» **Source data**:

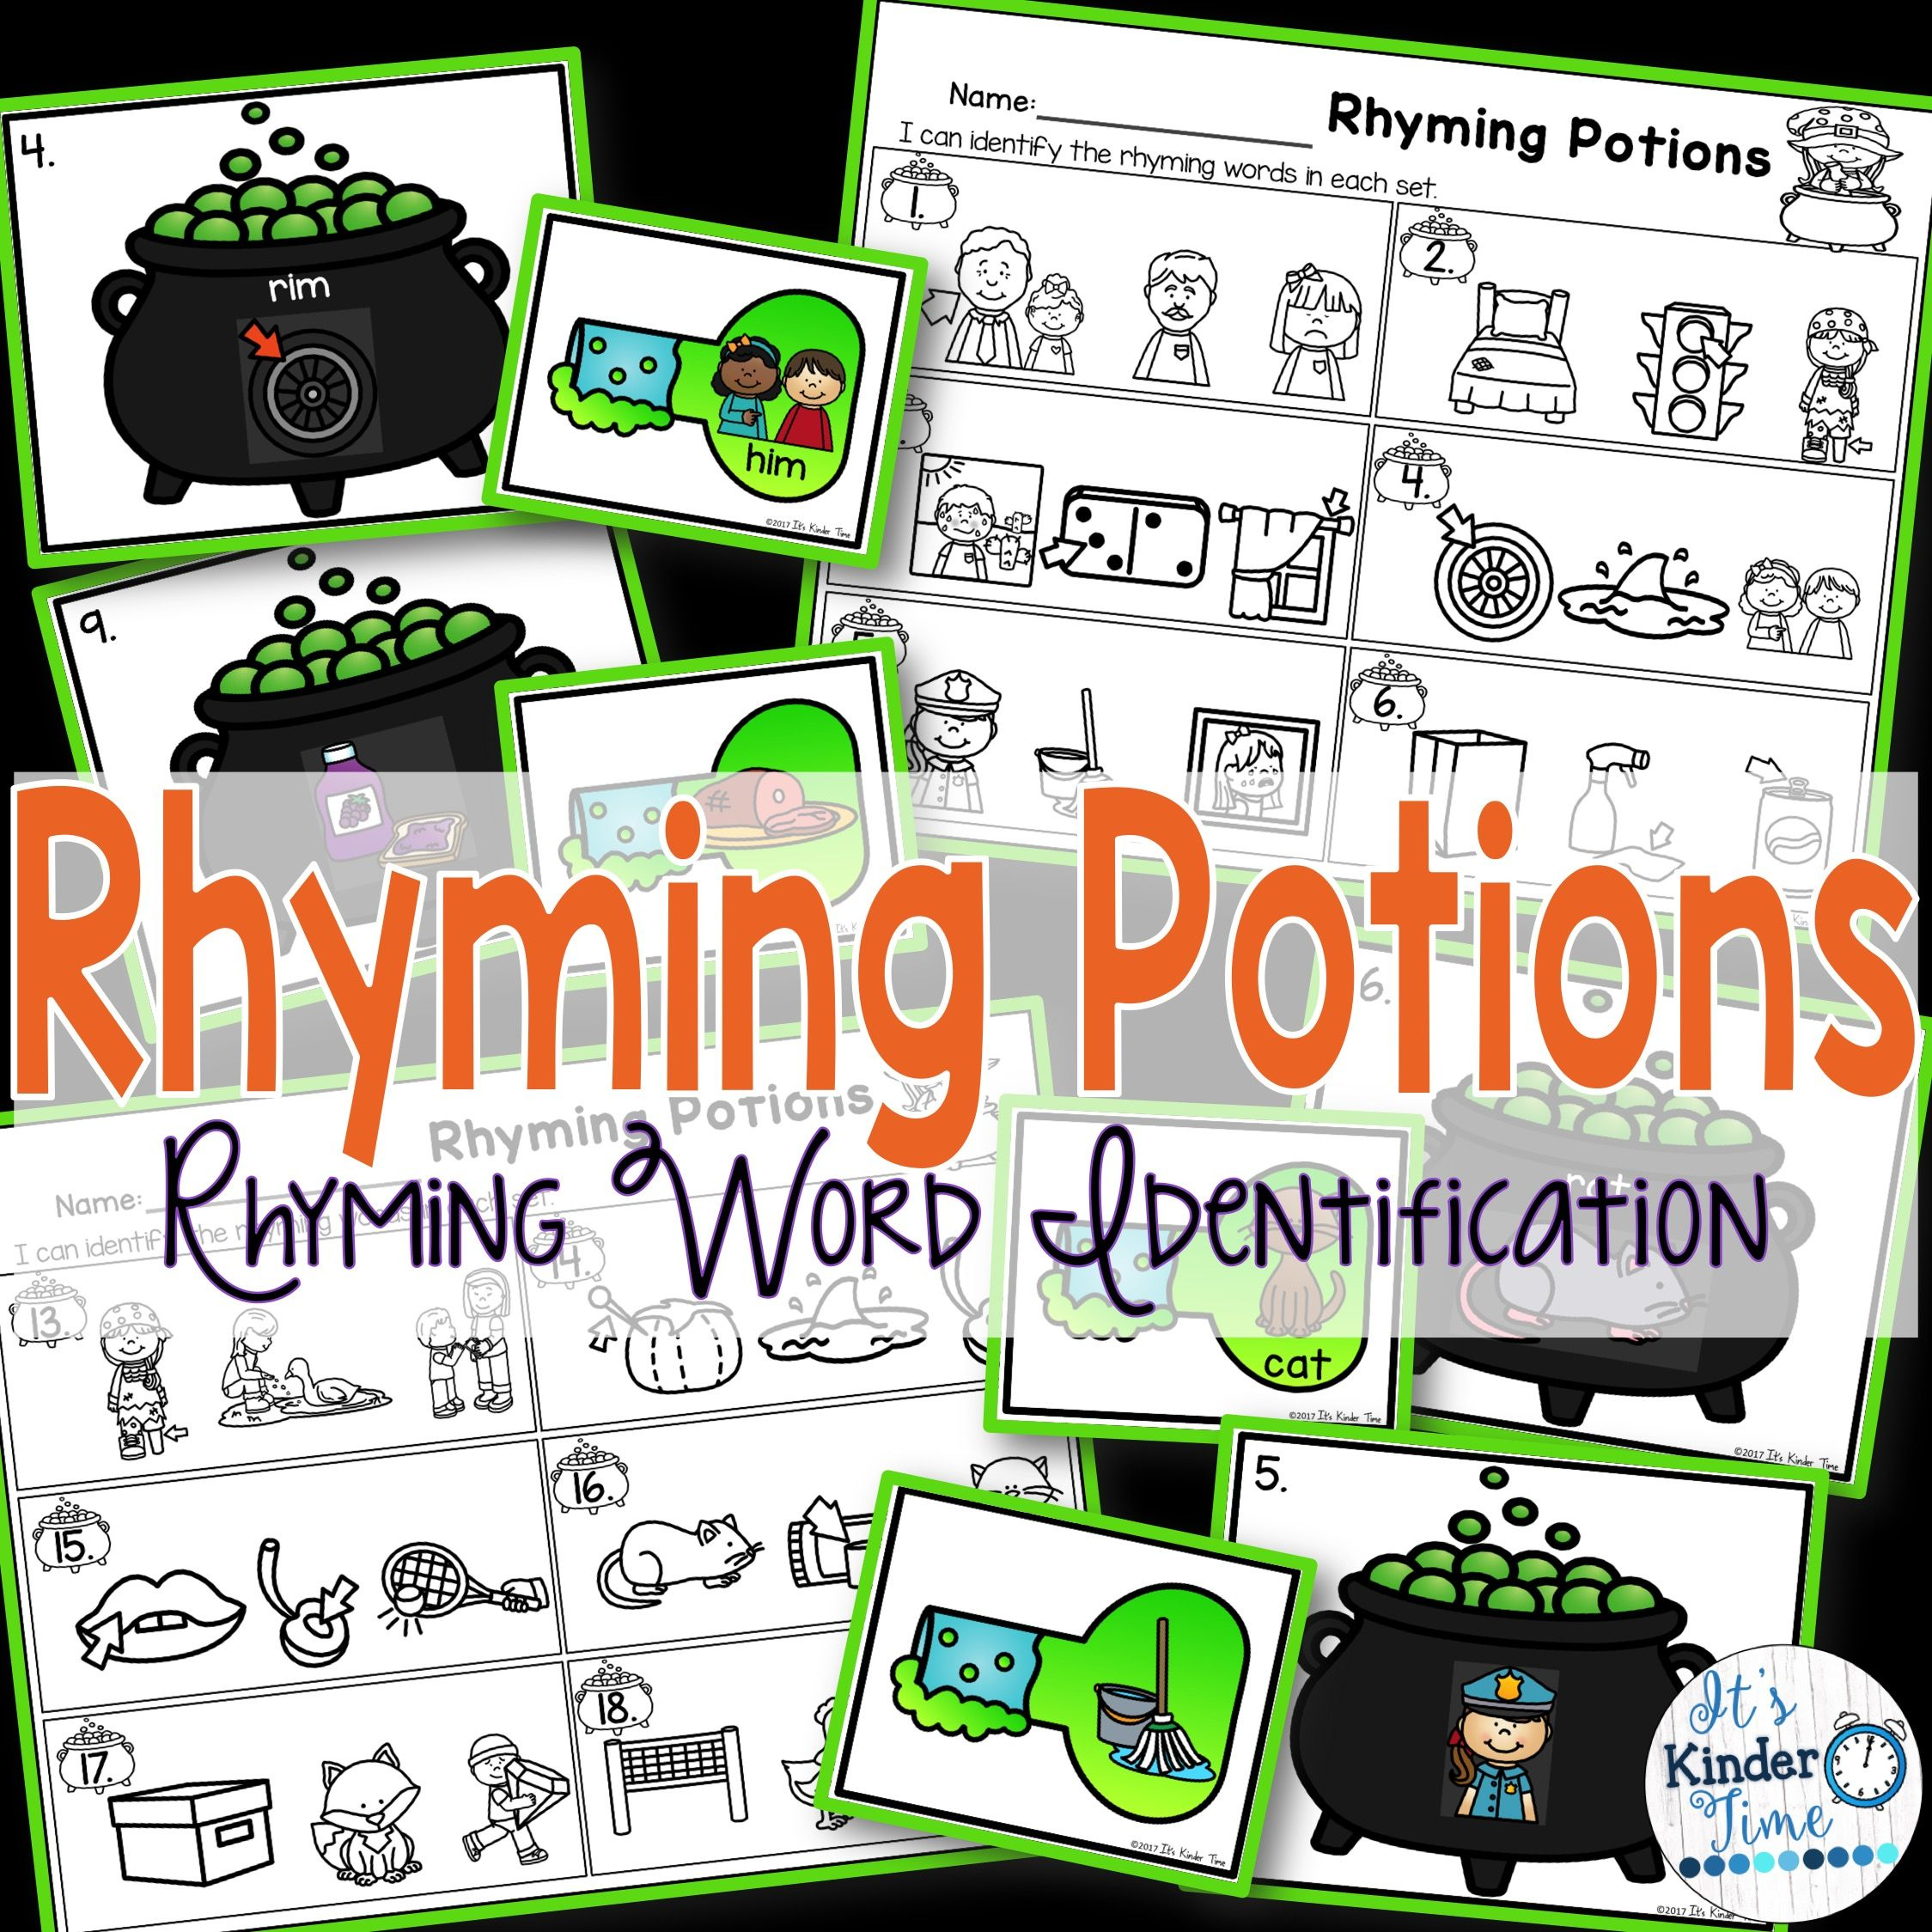 Rhyming Potions
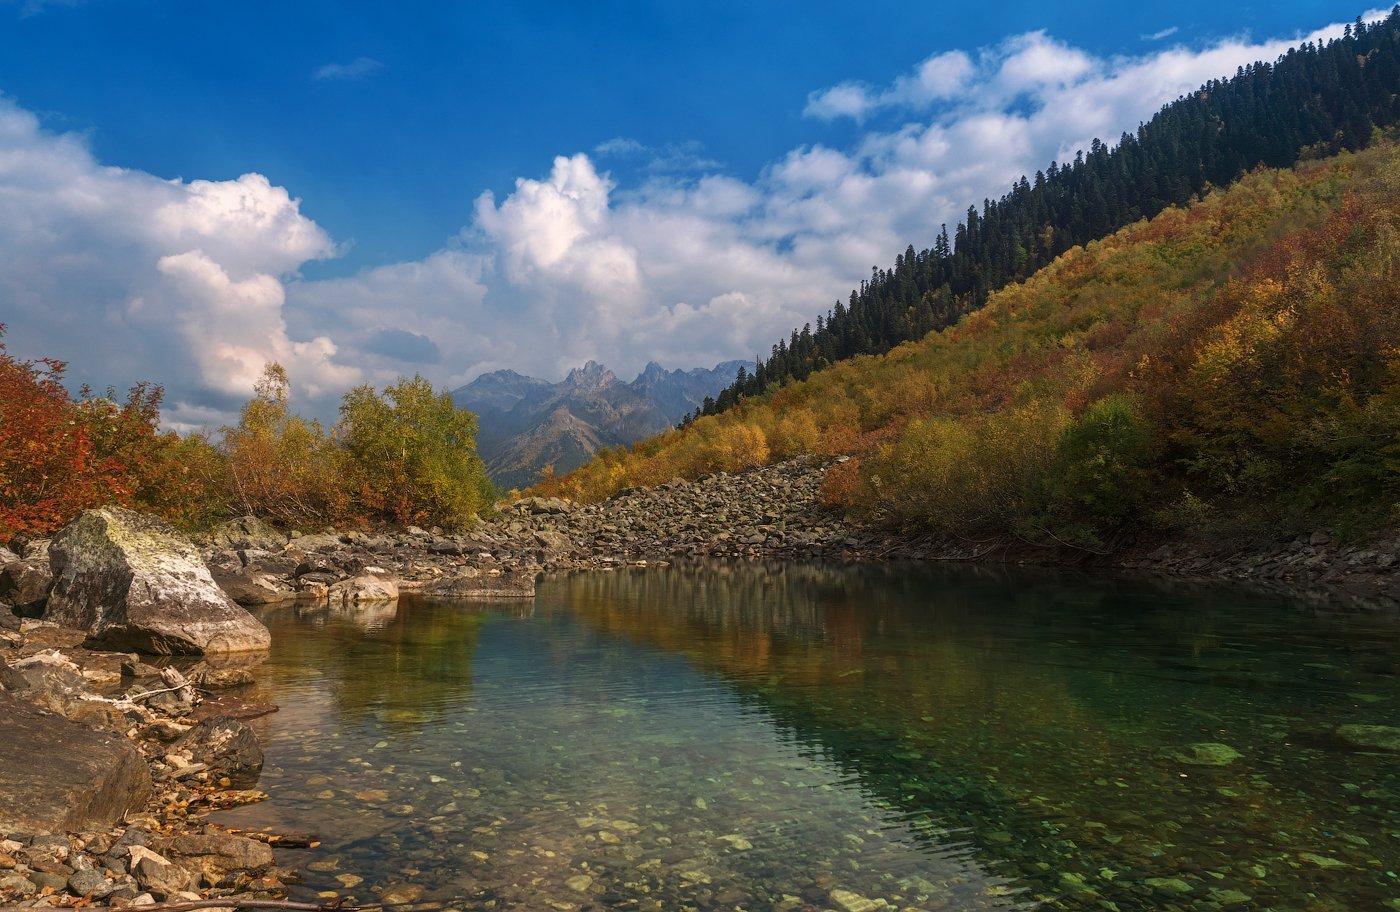 Autumn, Caucasus, Clouds, Бадукское, Кавказ, Карачаево-черкесия, Облака, Озеро, Осень, Теберда, Игорь Подобаев
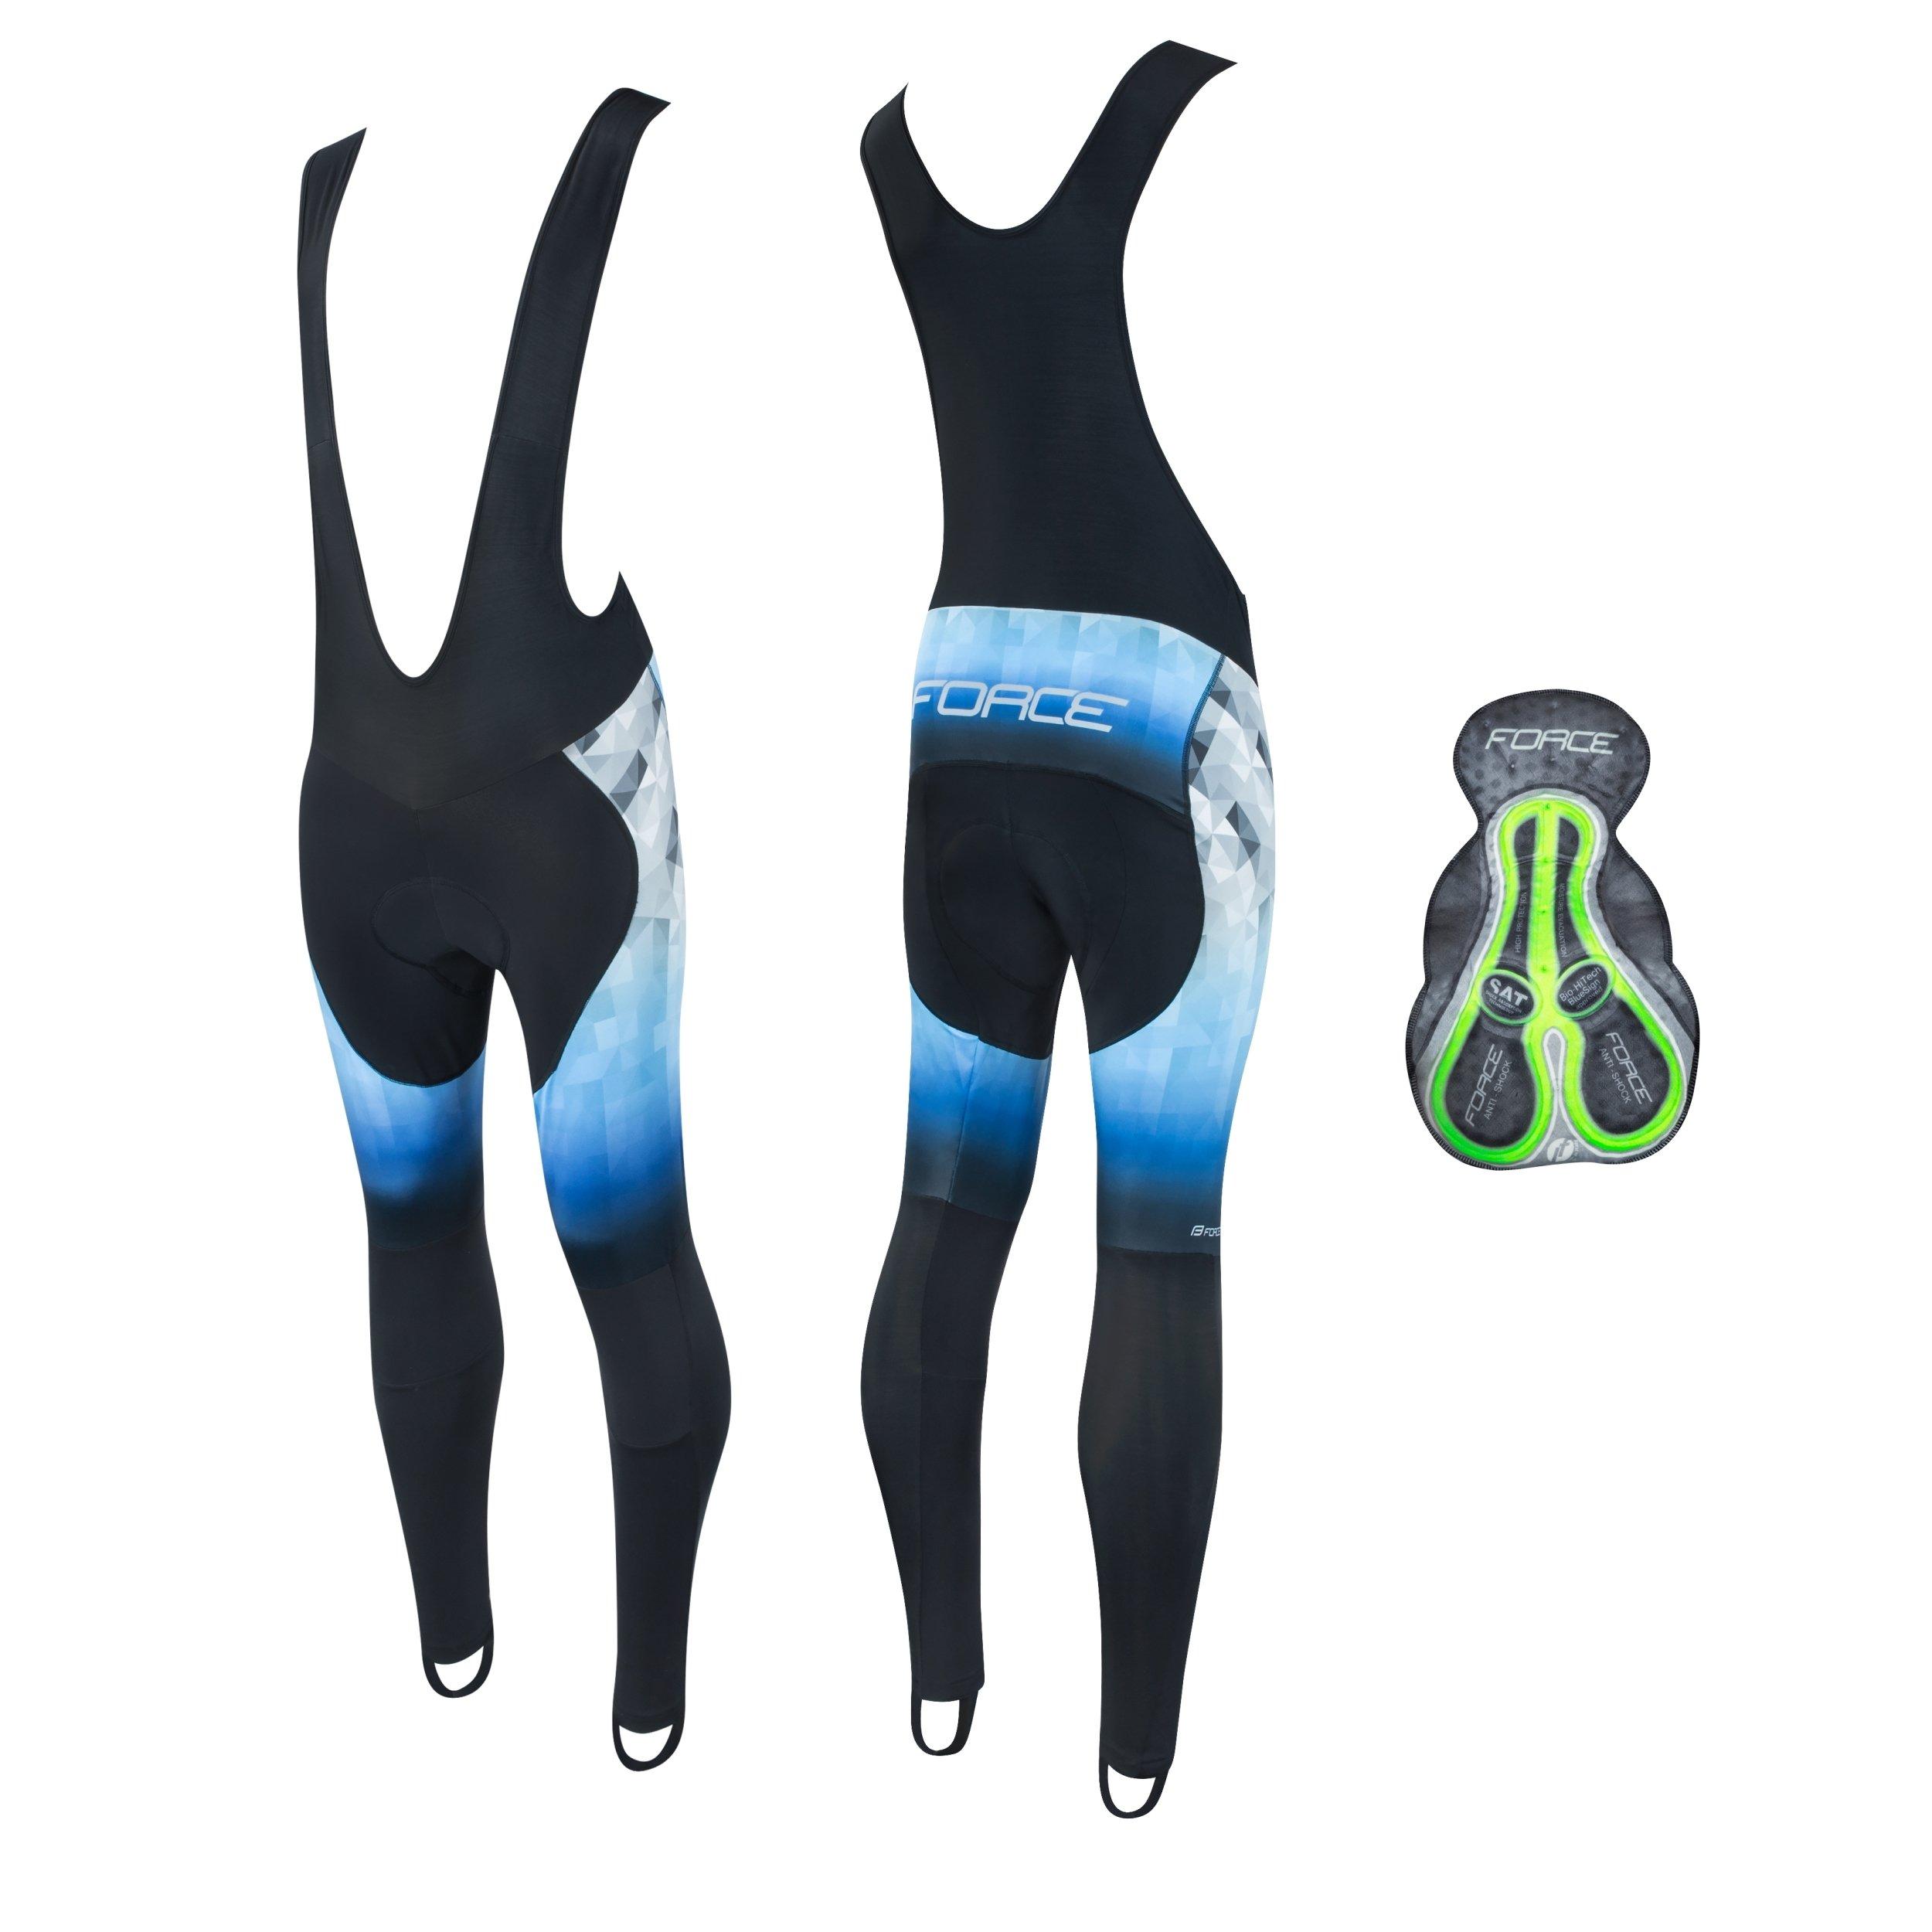 Force Dawn Wind Lange cykelbukser med seler sort/blå | Bukser

» **Task to complete**: What the answer needs is every line from the one containing "Теберда, Игорь Подобаев" through the final line of the data above, copied exactly, without pictures.

» **Task answer**:
 Autumn, Caucasus, Clouds, Бадукское, Кавказ, Карачаево-черкесия, Облака, Озеро, Осень, Теберда, Игорь Подобаев
 Force Dawn Wind Lange cykelbukser med seler sort/blå | Bukser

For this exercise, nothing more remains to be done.